4. Начало либерализма
Тот дух, который проявляется в некоторых масонских ложах, так же тесно связан был с двенадцатым годом, как и мистика, получившая столь большое значение в жизни. Мистические бредни не могли заглушить порывов «лжеименного разума» у небольшой просвещенной части русского общества. Если одних двенадцатый год заводил в реакционный тупик, то других Отечественная война и особенно пребывание русских войск за границей вели на другой путь – путь пробуждения интересов к общественным и политическим вопросам. «Наполеон вторгся в Россию, – писал впоследствии из крепости императору Николаю А.А. Бестужев, – и тогда-то русский народ впервые ощутил свою силу… Вот начало свободомыслия в России».

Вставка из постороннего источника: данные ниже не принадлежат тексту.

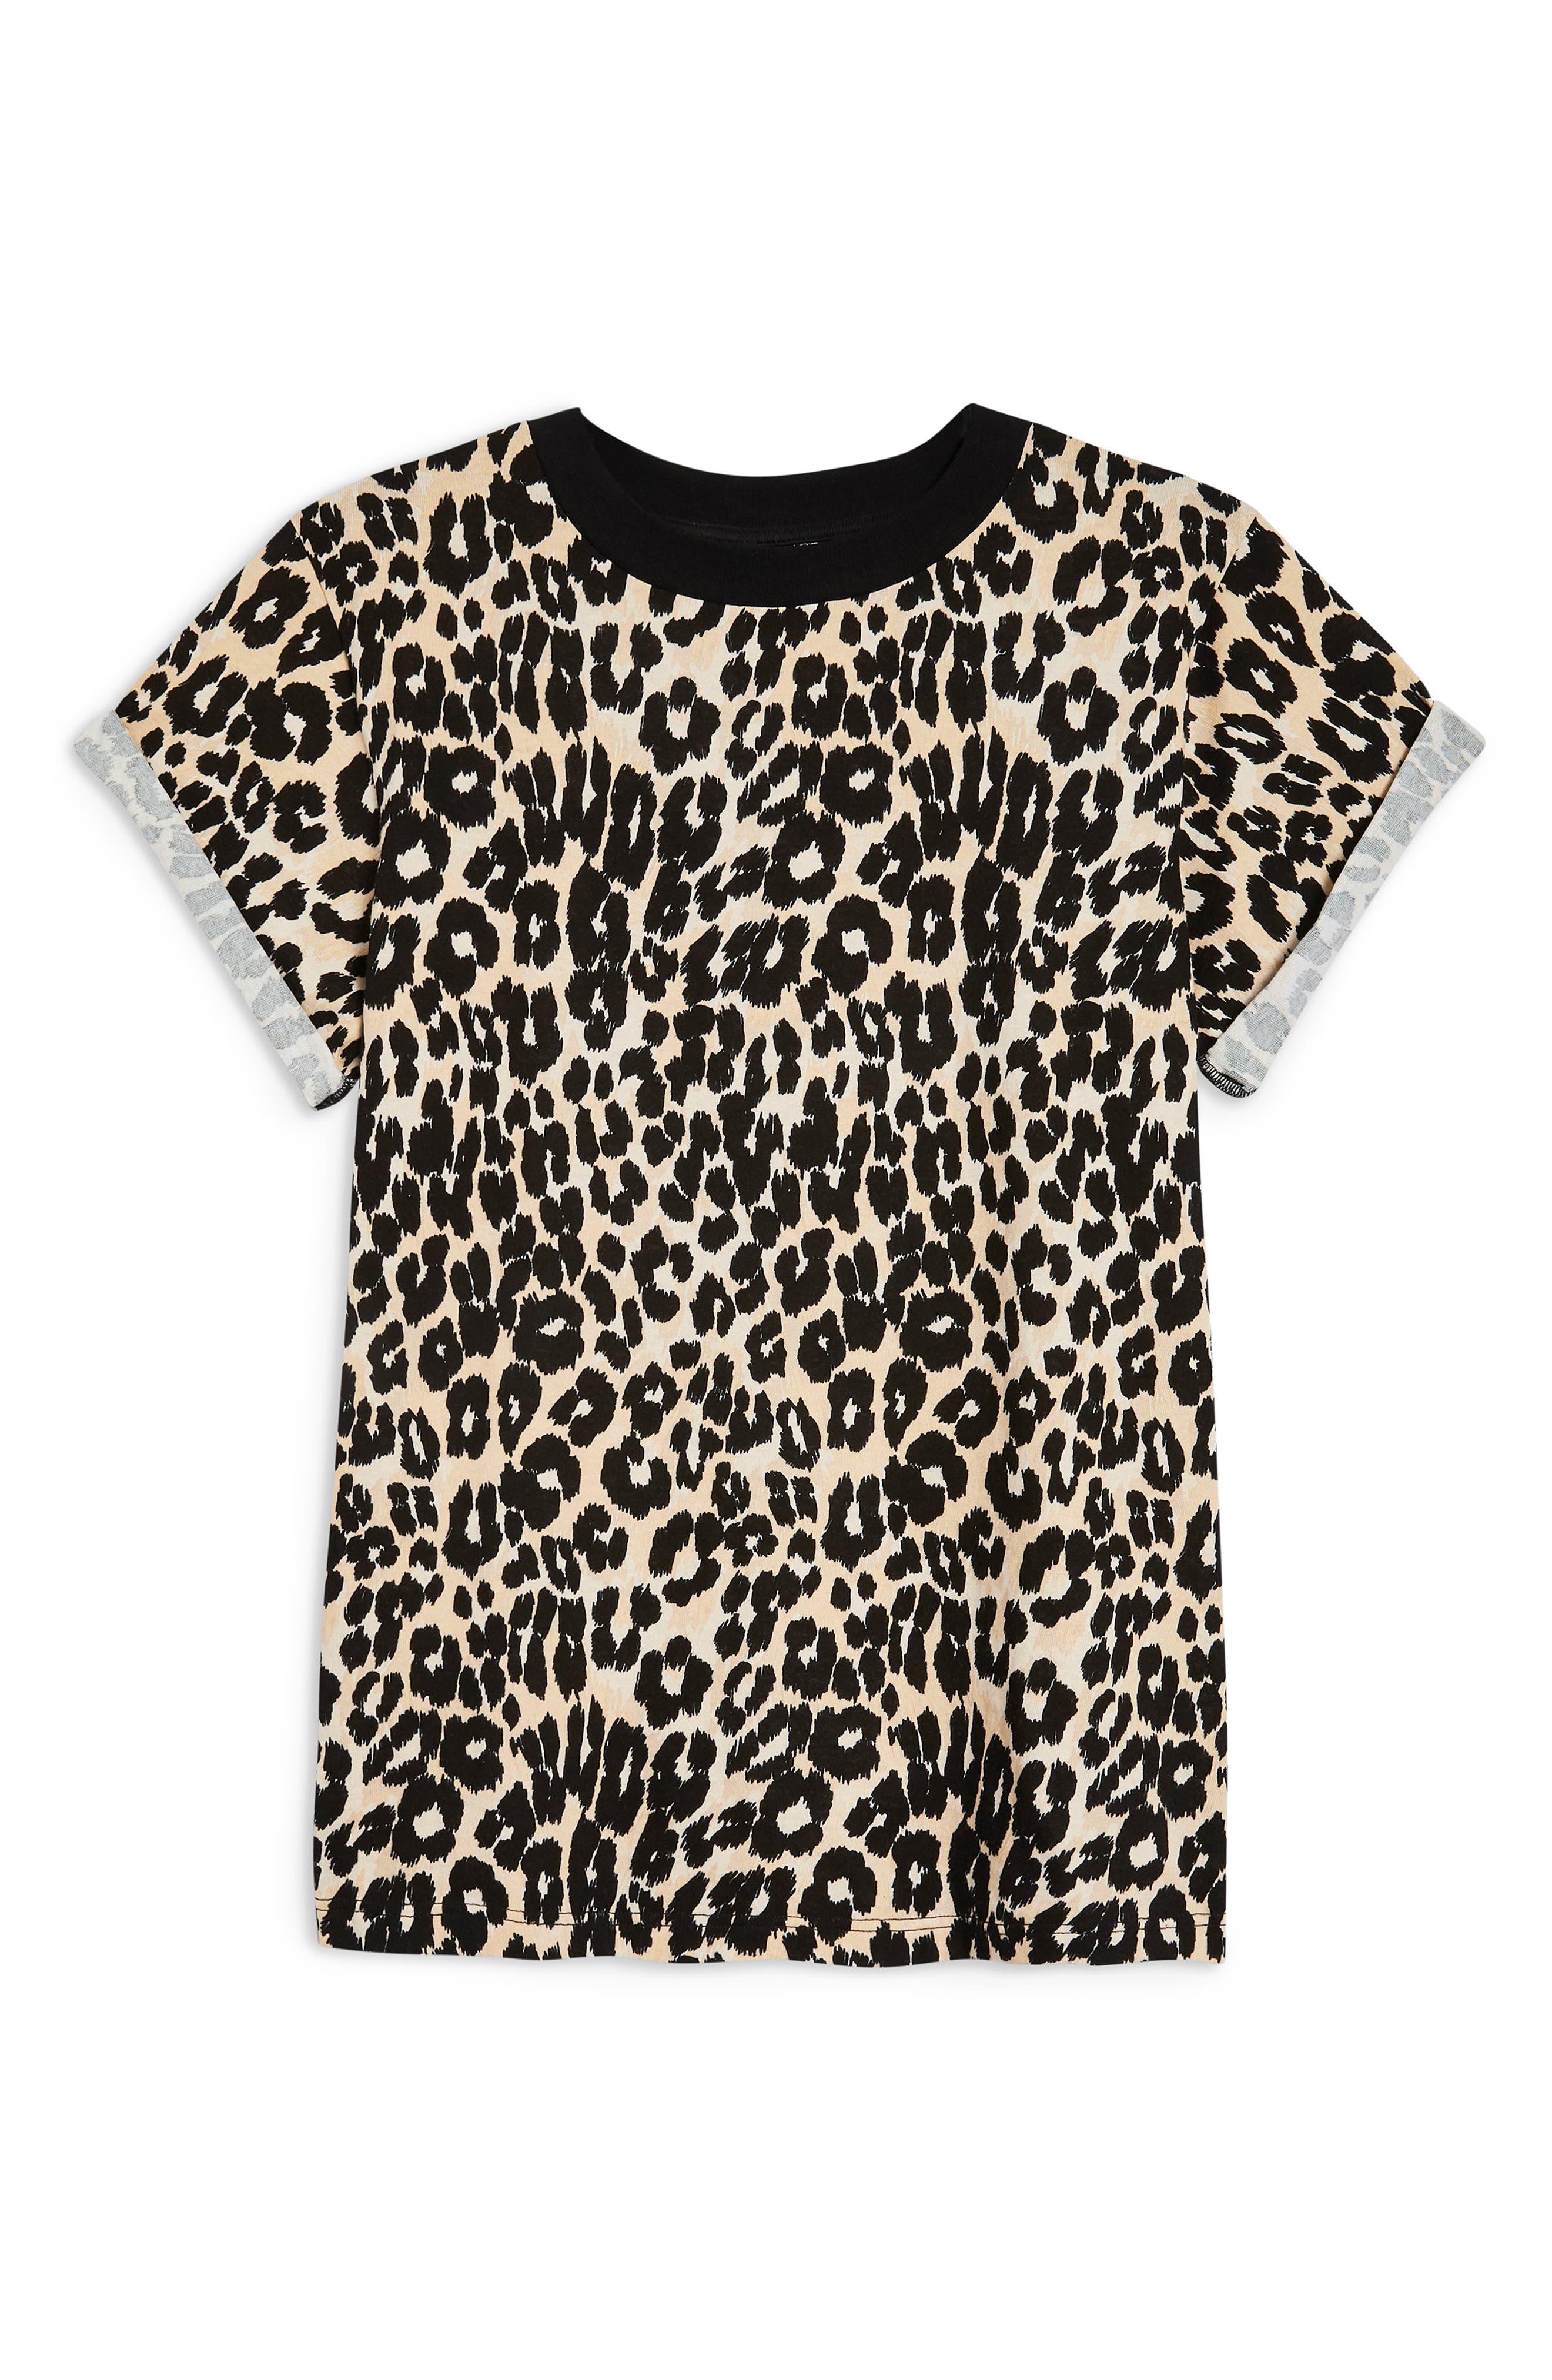 TOPSHOP, Leopard Print Tee, Alternate thumbnail 4, color, 001

Целый ряд декабристов свидетельствуют нам, что их заграничные впечатления пробудили чувства гражданственности. Наблюдая западноевропейскую жизнь, деятельность законодательных учреждений, знакомясь с литературой и с некоторыми представителями общественной мысли, в наиболее мыслящем офицерстве русской армии зрела мысль, что «гражданину свойственна обязанность», а не только слепое повиновение, как выразился в своих воспоминаниях кн. С.Г. Волконский. С другой стороны, то, что даже «мельком» приходилось видеть в Европе, порождало чувство, что «Россия в общественном, внутреннем и политическом быте весьма отстала». «Естественно» напрашивалось «сравнение со своим», поднимался вопрос: «Почему же не так у нас?» Являлось, наконец, желание, чтобы и Россия пользовалась той же образованностью, той же свободой, теми же правами, «какими пользовались некоторые из европейских наций» (Беляев). «Французским ядом» заражались не только офицеры, но и солдаты. Последние, как бы предчувствуя, что то обхождение, к какому они привыкли во Франции и какого желали для себя, по словам Розена, и в России, столкнется с находящейся в фаворе «шагистикой, часто предпочитают остаться за границей». По этому поводу Ростопчин писал своей жене в 1814 г.: «Суди сама, до какого падения дошла наша армия, если старшие унтер-офицеры и простые солдаты остаются во Франции, а из конно-гвардейского полка в одну ночь дезертировало 60 человек с оружием и лошадьми. Они уходят к фермерам, которые не только хорошо платят им, но еще отдают за них своих дочерей», и понятно, что при таких условиях корпус Воронцова за «либерализм», как выразился Завалишин, по возвращении из Франции поспешили раскассировать. Во всяком случае, Н.И. Тургенев был прав, записав 25 апреля 1814 г. в свой дневник: «Теперь возвратятся в Россию много таких русских, которые видели, что без рабства может существовать гражданский порядок и могут процветать царства».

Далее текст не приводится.